Bran felt the world shift, even though nothing moved and he lay still in the bed. Cuileann mac Eug had been bed-bound for longer than Bran had been alive—longer even than their eldest brother, Feur. Some of the eldest members of the Court of Shades remembered a time when Cuileann mac Eug had walked its halls instead of lying prone in state, his rasping breath the only indication that he still lived.
“Maigs?” he whispered.
This smile was wider, and Maigdeann’s blue eyes were filled with tears. “His eyes are as green as yours,” she whispered, and Bran felt them flood with tears of relief.
The King of the Sluagh lived.
Chapter
Fifty
Jamie wasn’t sure whether kissing Bran or killing him was the more appropriate option, although he supposed that killing him would have been counterproductive, since the reason Jamie was so frustrated was at Bran’s seeming determination to get himself killed.
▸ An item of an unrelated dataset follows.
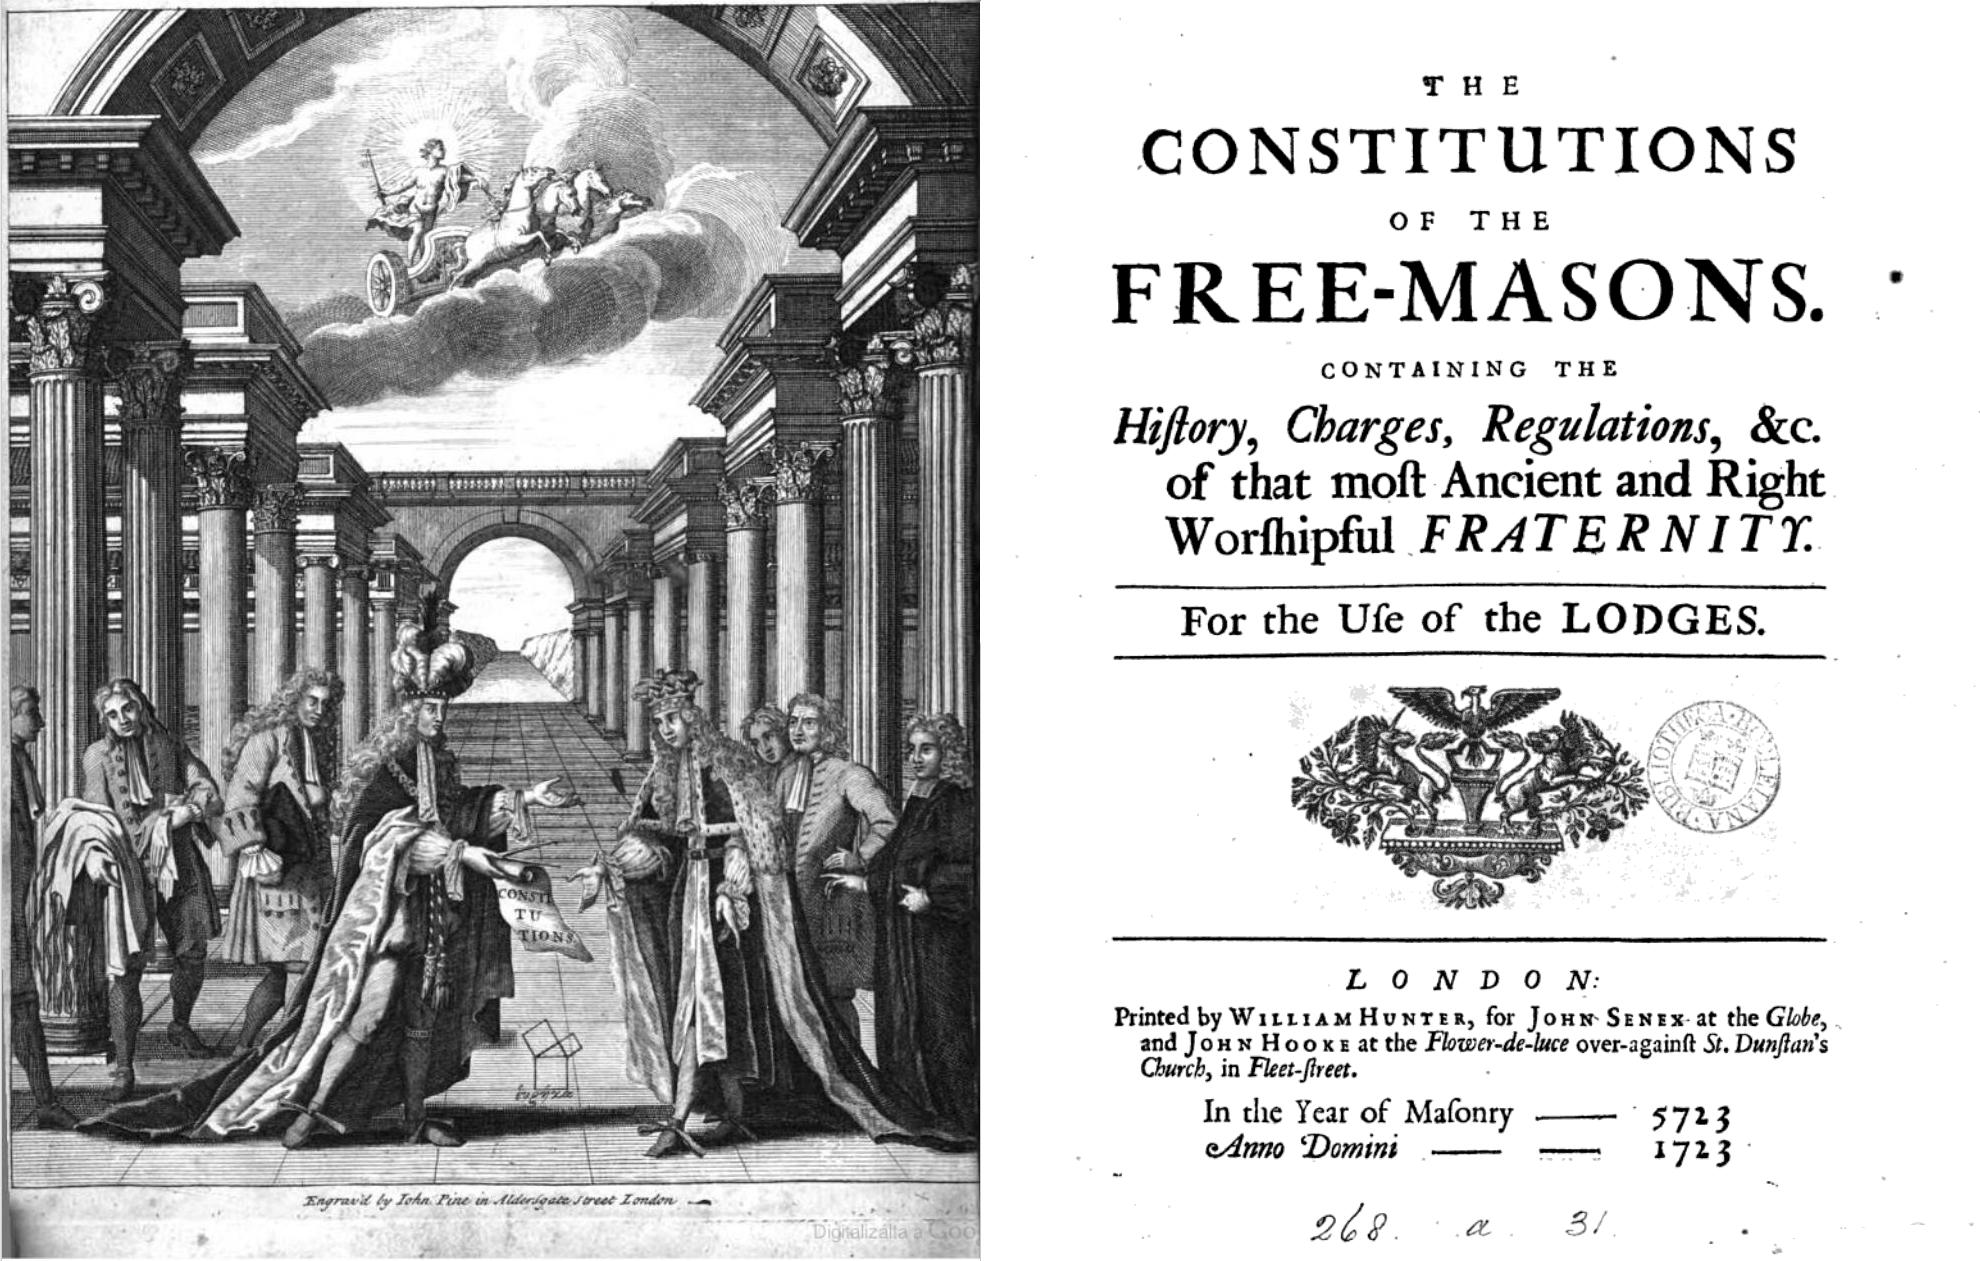 Anderson's Constitutions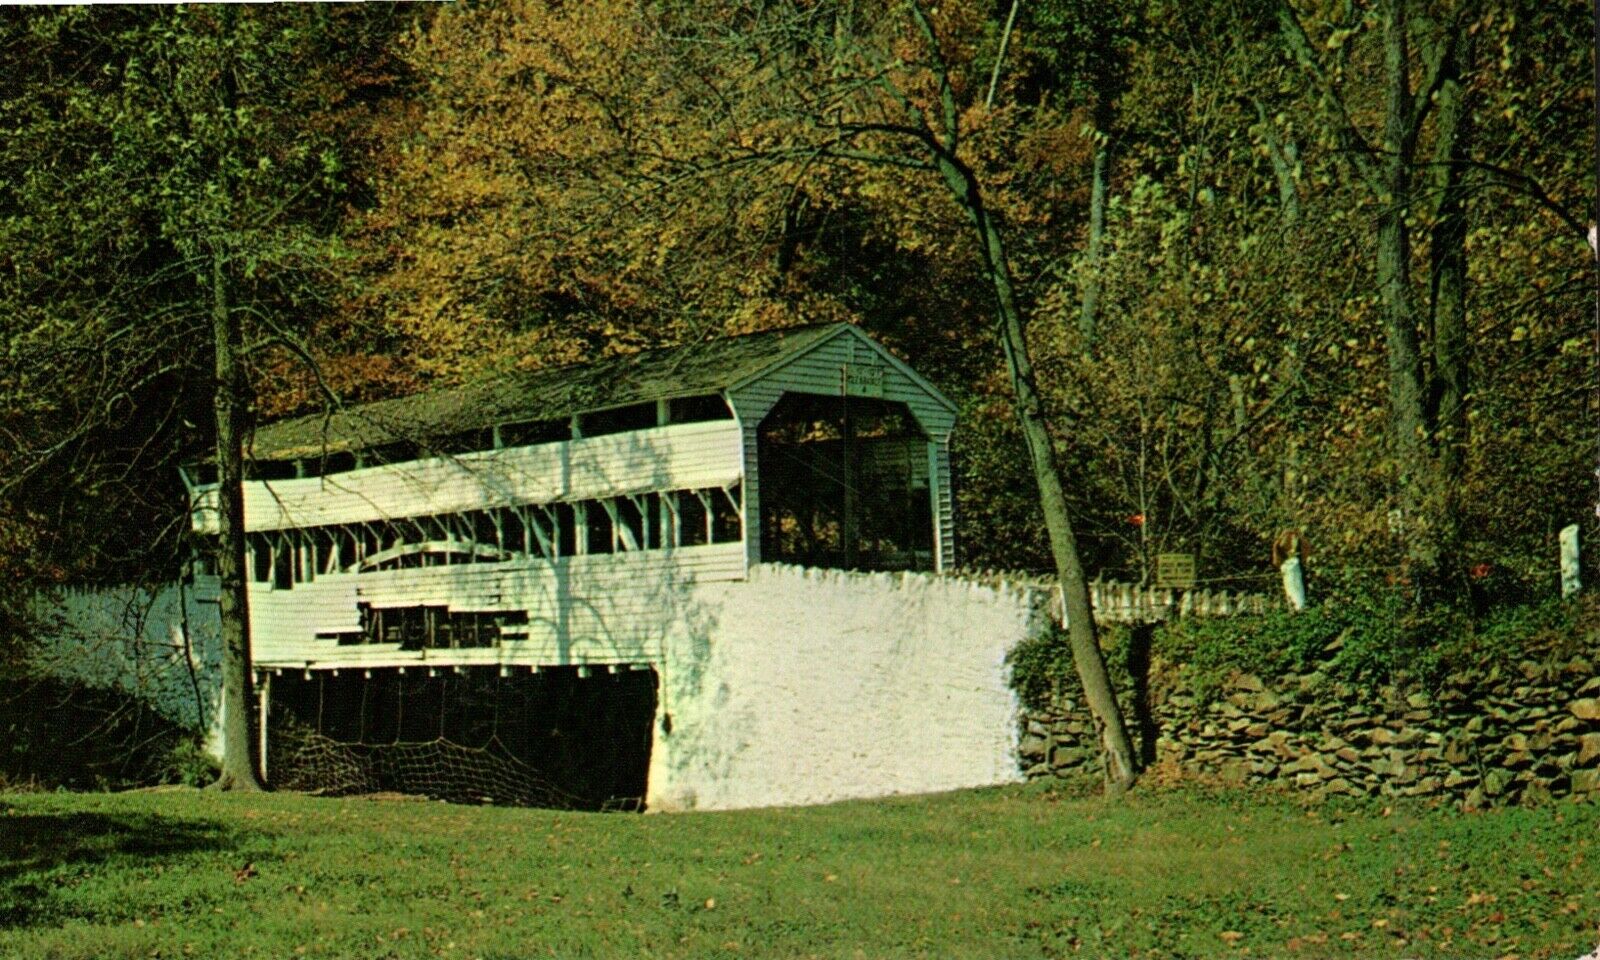 Postcard, Greetings from Cohick\'s Trading Post, Salladasburg, PA, Covered Bridge

When Iolair had carried Bran—bloody and unconscious—into the infirmary, Jamie had nearly passed out, only willpower keeping him on his feet as he’d taken Bran’s too-still and too-bloody form from his brother’s arms.
Maigdeann had immediately swept over, her fingers already shimmering with healing magic, and had forced Jamie to first put Bran down on one of the empty beds and then step away. The injuries to Bran’s body hadn’t required stitches—his arm appeared to be broken (again), and he’d been struck repeatedly by something very large and very blunt which had left his whole ribcage a misshapen mottle of bruise and bloody scraped skin.
If he’d been human, Jamie thought, it would have been much worse—or, rather, if he’d been in the human realm. Modern medicine was a far cry from the medieval methods they were using here, but the fae had something human medicine couldn’t hope to match. Maigdeann and Eadar’s healing abilities were able to knit flesh and bone—at least to a degree. Jamie was seeing the limitations of magic as well as its miraculous capabilities. Both healers—and their apprentices—looked wan and pale, and not only because of inhumanly fair skin. Eadar’s golden skin had a greyish cast, and Maigdeann was vague shade of grey-green that could not possibly be healthy. Both had creases around their mouths and dark circles under their eyes that were apparently universal signs of exhaustion, whether fae or human.
Jamie tried to do everything they asked of him, if only to help alleviate the load. Rob and Trixie, too—once Trixie returned from having administered the draught to the Holly King, something she’d seemed in a trance about for a good hour or so afterward—were doing their best to be of use, but there was only so much two ordinary humans and one mostly-ordinary halfbreed could do.